- Observed by: Ancient Scottish Universities
- Type: Academic
- Date: Second Monday in February
- 2024 date: February 12
- 2025 date: February 10
- 2026 date: February 9
- 2027 date: February 8
- Frequency: annual

= Meal Monday =

Scottish traditional holiday

Meal Monday (also known as Oatmeal Monday) was a traditional holiday observed by the ancient universities of Scotland on the second Monday of February.

During the 17th century, Scottish university students lived in very basic accommodation and were required to bring their own fuel, firewood or peat, to maintain a fire. Their diet was meagre too, largely consisting of oatmeal, which they would make into porridge. This lifestyle would remain typical until the late 19th century. The Rev.

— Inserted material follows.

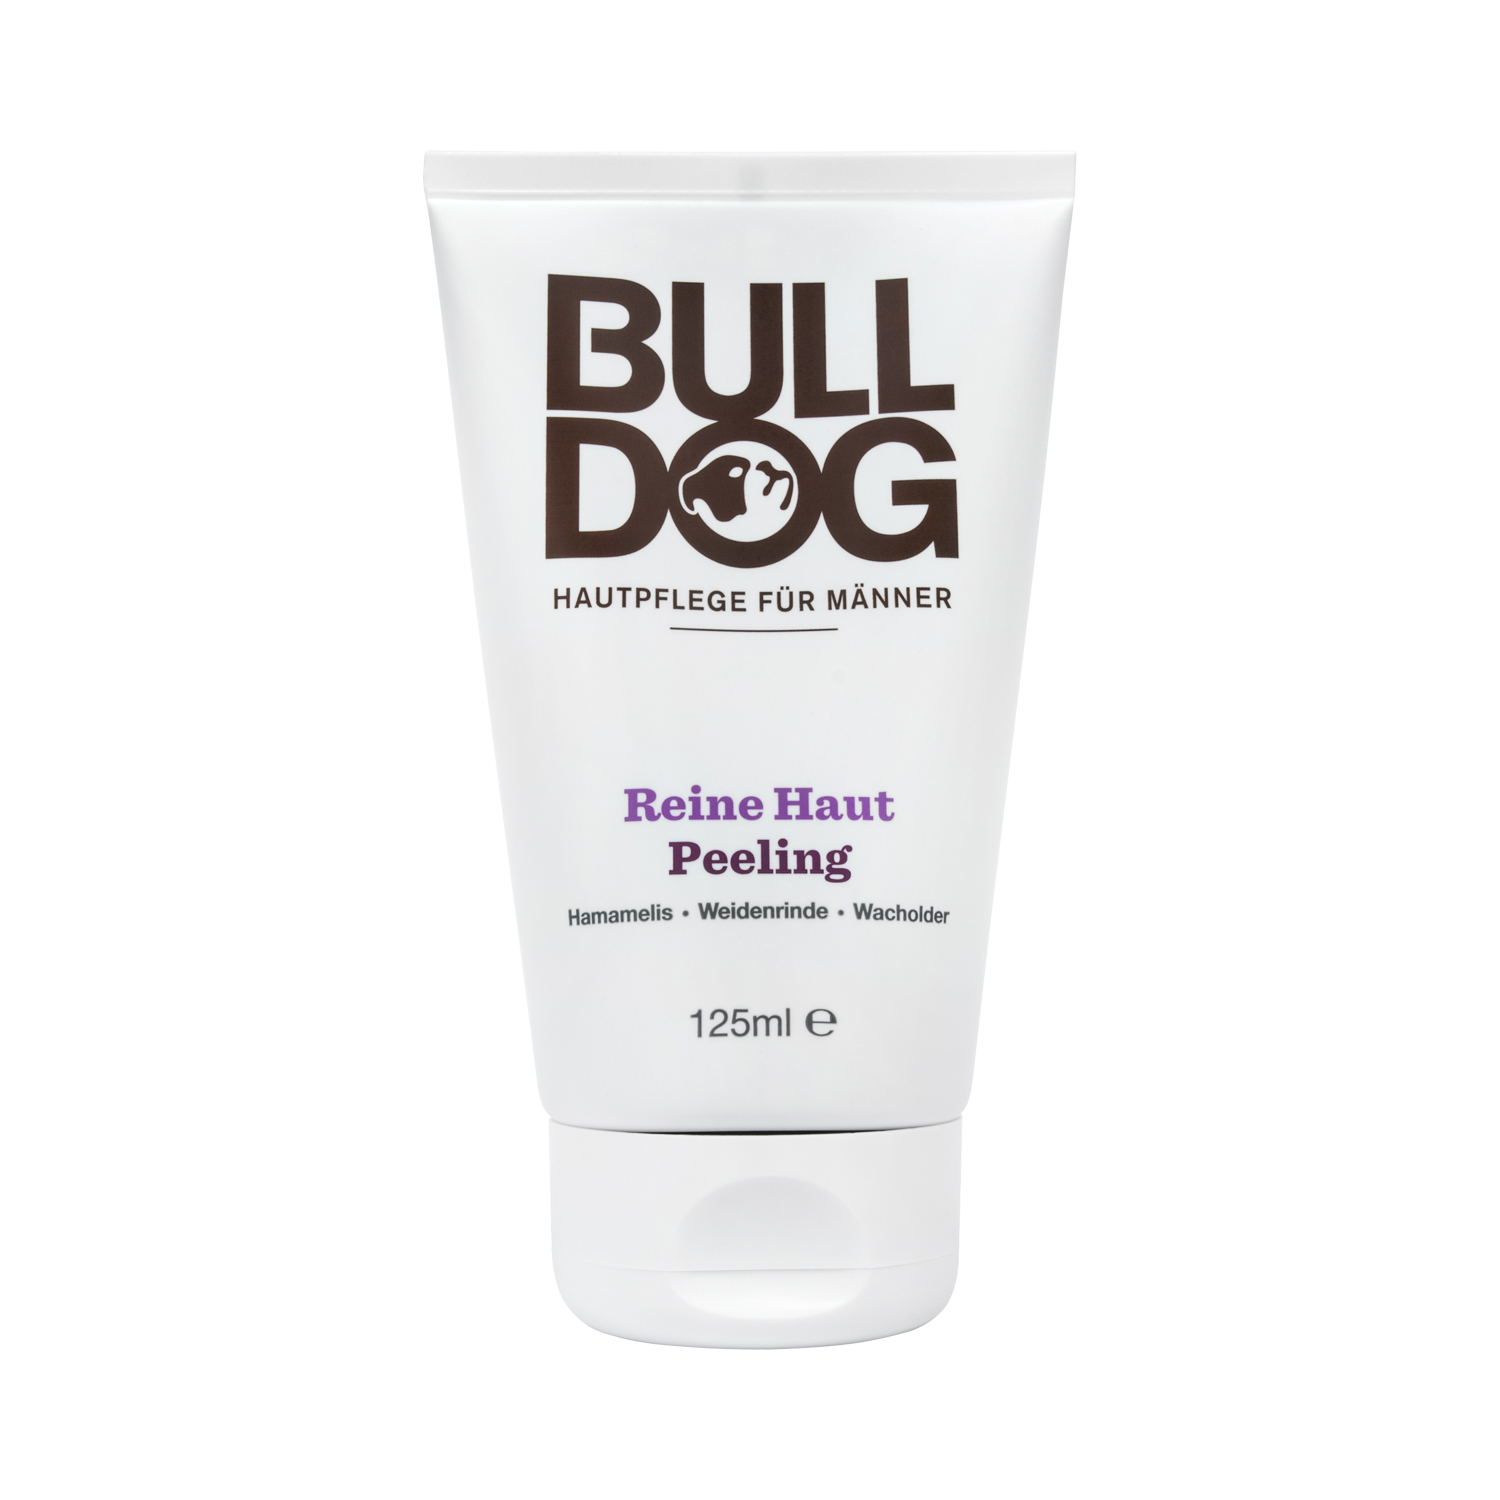 Bulldog - Reine Haut Peeling

James Sharp noted that as a student at the University of Edinburgh, "the liberal arts, sciences and theology were cultivated on oatmeal, with an occasional glass of beer on a Saturday night."

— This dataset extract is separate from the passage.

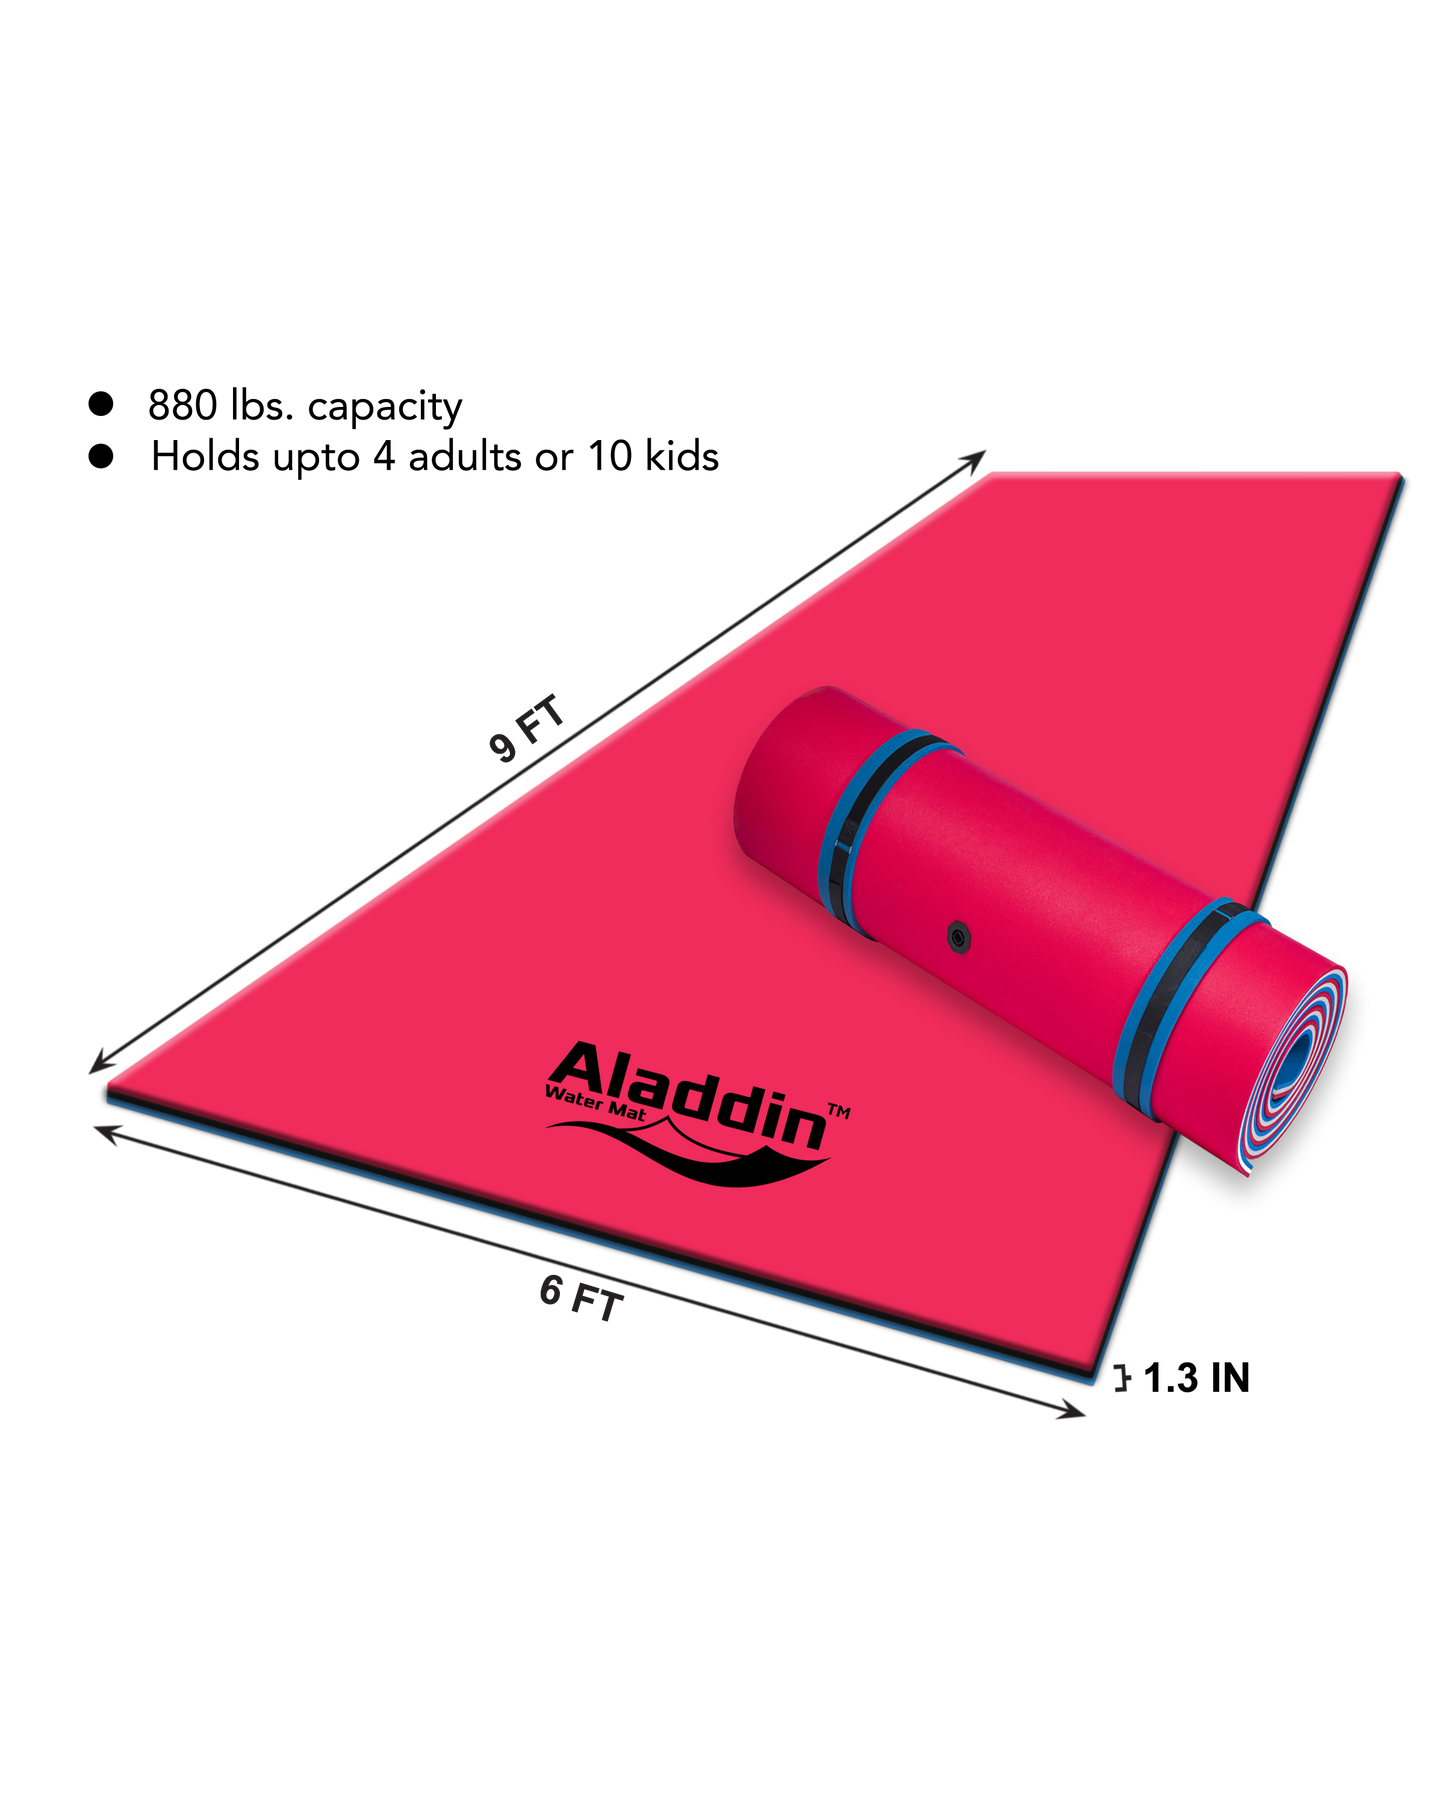 Aladdin Water Mat™ (9x6) Floating Water Mat, Premium Foam (Red/Blue)

As the students' country homes or farms were some distance from the city universities, an occasional long weekend was scheduled to permit them to replenish their supplies. Originally, and until as recently as 1885, these Meal Mondays would occur regularly; the University of Edinburgh had one on the first Monday of every month. However, by 1896 Edinburgh established just one official holiday, on the second Monday in February.

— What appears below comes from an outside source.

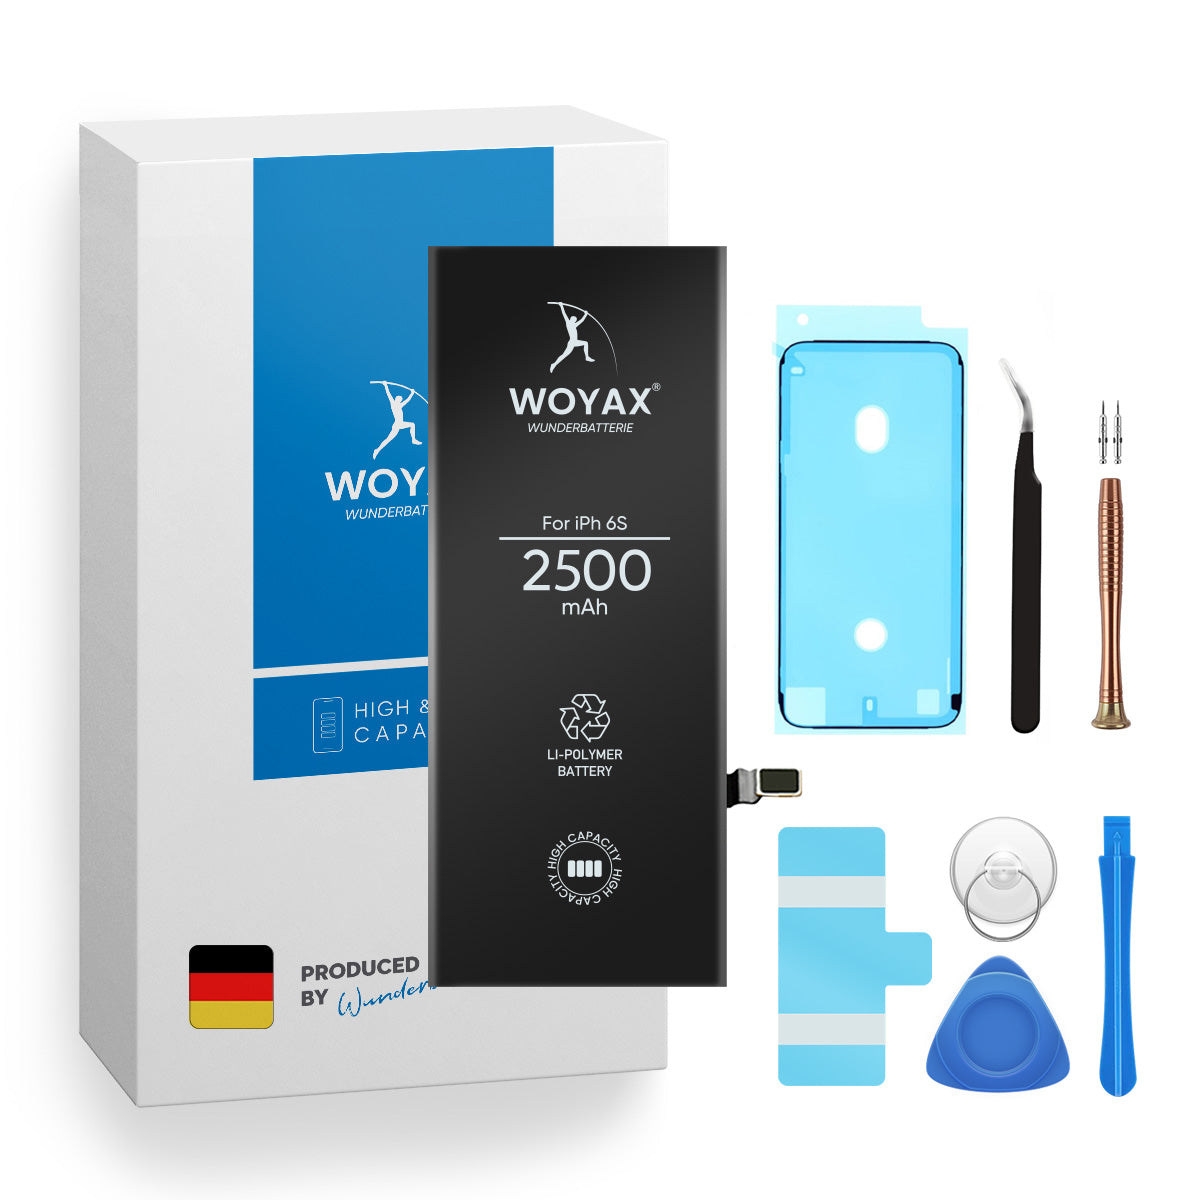 Woyax Wunderbatterie Akku für iPhone 6S 2500 mAh Hohe Kapazität Ersatzakku

Meal Monday remained widely observed in Scotland during the late 19th and 20th century, with Glasgow and Aberdeen Universities also having the academic holiday. In 2006, Scottish author Alexander McCall Smith reported that "[it] was still celebrated some 30 years ago, when I was a student, although nobody used it to fetch oatmeal." By the beginning of the 21st century, however, the Universities no longer afforded their students an official Meal Monday holiday, though the University of St. Andrews still maintains Meal Monday as a statutory holiday for "manual staff."